Thinking back on what might have induced this dream, Thoreau remembers that he had been reading a book about the Northmen the night before and that as he read he felt “a fertile regret” and derived “an inexpressible satisfaction” from that feeling.

  Here “memory” seems to be the name of the faculty of mind that, if purified, might know what we do not know and express itself in poetry or music. But it is not quite available, at least not in daylight. Each of us has had the experience of being on the verge of uttering a thought, then being distracted and forgetting what we had to say, then being madly haunted by the ghost of what was so clearly present a moment ago. Imagine living a life suffused with that feeling. Imagine having the sense that you have come here to say something only to find it has slipped your mind. Worse yet, imagine such is the case but that you do not even feel the loss. Thoreau finds his regret satisfying and fertile because it indicates some loss is felt and thus implies there was something to be lost. This “fertile sadness,” as he elsewhere calls it, contains a sort of backward promise, a hope that arises because something has been taken away. The literary critic Barbara Johnson writes that it was Thoreau’s great gift to wake us to “our own lost losses.” Not losses simply—we all have those—but the losses we do not even remember. This prophet speaks to wake his neighbors but not, once they are awake, to tell them any assertable truth. Wakefulness in Thoreau is not a perception of truth; it is a perception of ignorance and comes suffused with promising regret.

  III. SIGNING OFF

  Thoreau’s politics may be described as an experiment in seeing how far the via negativa might be extended to social life. In Walden, remembering the one time he thought of buying a farm, he writes: “My imagination carried me so far that I even had the refusal of several farms,—the refusal was all I wanted,—but I never got my fingers burned by actual possession.” This is a wry assertion of his creed, his constant questions being, How much of what the world expects might we simply refuse to do? How many obligations and inherited institutions might we drop so as to clear the field (for what?—well, for what has yet to be imagined)?

  In public refusal, Thoreau exercises the political version of his talent for perspective, for finding a place to stand outside the common frame. His critique of professional politicians is that they rarely think of quitting their jobs, which is the only way they could get in a position to imagine a fundamentally new world. Instead, they dwell inside their own assumptions and run in circles. As he writes in “Civil Disobedience”:

  Statesmen and legislators, standing so completely within the institution, never distinctly and nakedly behold it. They speak of moving society, but have no resting-place without it … . [Daniel] Webster never goes behind government, and so cannot speak with authority about it.

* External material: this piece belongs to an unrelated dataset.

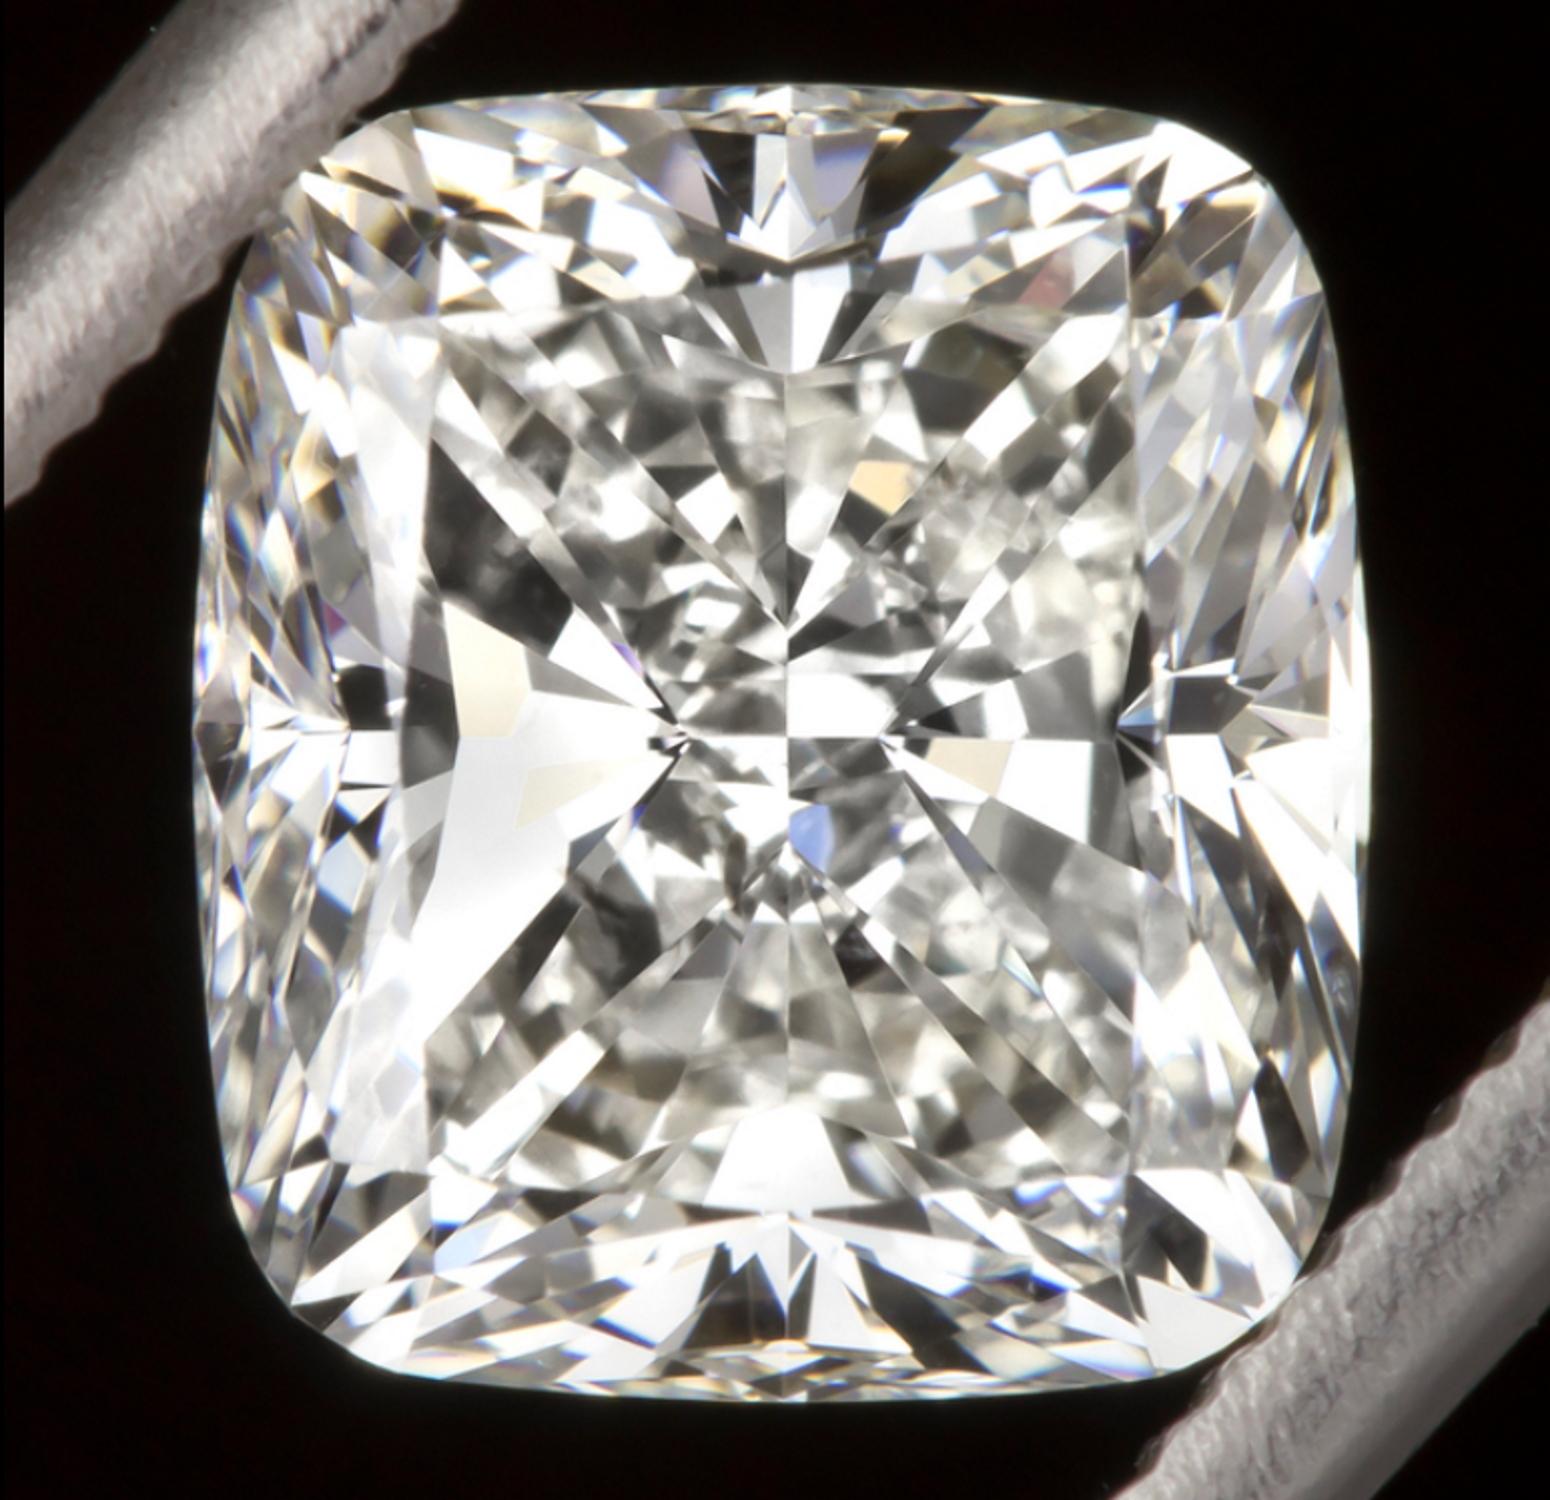 This excellent quality 10 carat diamond is certified by GIA, The world's most respected lab. The diamond is graded H for color, and it faces up beautifully white with no yellow. There are no brown, green or milky shades and no cloudiness. The

  Nature had early become Thoreau’s own favored “resting-place without.” Going to the woods was an experiment in removing himself from institutions so as to see them freshly and speak “with authority.” This is why, by the way, the present collection presents Thoreau’s essays in the order of their creation, abandoning the long-standing editorial practice of separating the political work from the natural history. That conventional division has always muted one of the things that makes Thoreau interesting: the way in which his various passions inform and influence one another. Thoreau’s “reform papers” are “excursions” and vice versa.

  Thoreau’s earliest concrete political refusals can be dated to the early 1840s. He had graduated from Harvard College in 1837 and moved back to his family’s home in Concord; he had tried his hand at teaching in the local schools; he had developed a close friendship with his mentor Ralph Waldo Emerson and in 1841 had begun living in the Emerson household. Then, in 1842, when he was twenty-four years old, he stopped paying his taxes. Four years later—in 1846, the second year of his stay at Walden Pond—he was arrested for his continued tax refusal and spent a night in jail. That case has become the most famous example of Thoreau’s trying to get “behind government” by refusing to act, but a lesser-known case from 1841, mentioned in passing in “Civil Disobedience,” is in some ways more telling:

  Some years ago, the State met me in behalf of the Church, and commanded me to pay a certain sum toward the support of a clergyman whose preaching my father attended, but never I myself … . I declined to pay.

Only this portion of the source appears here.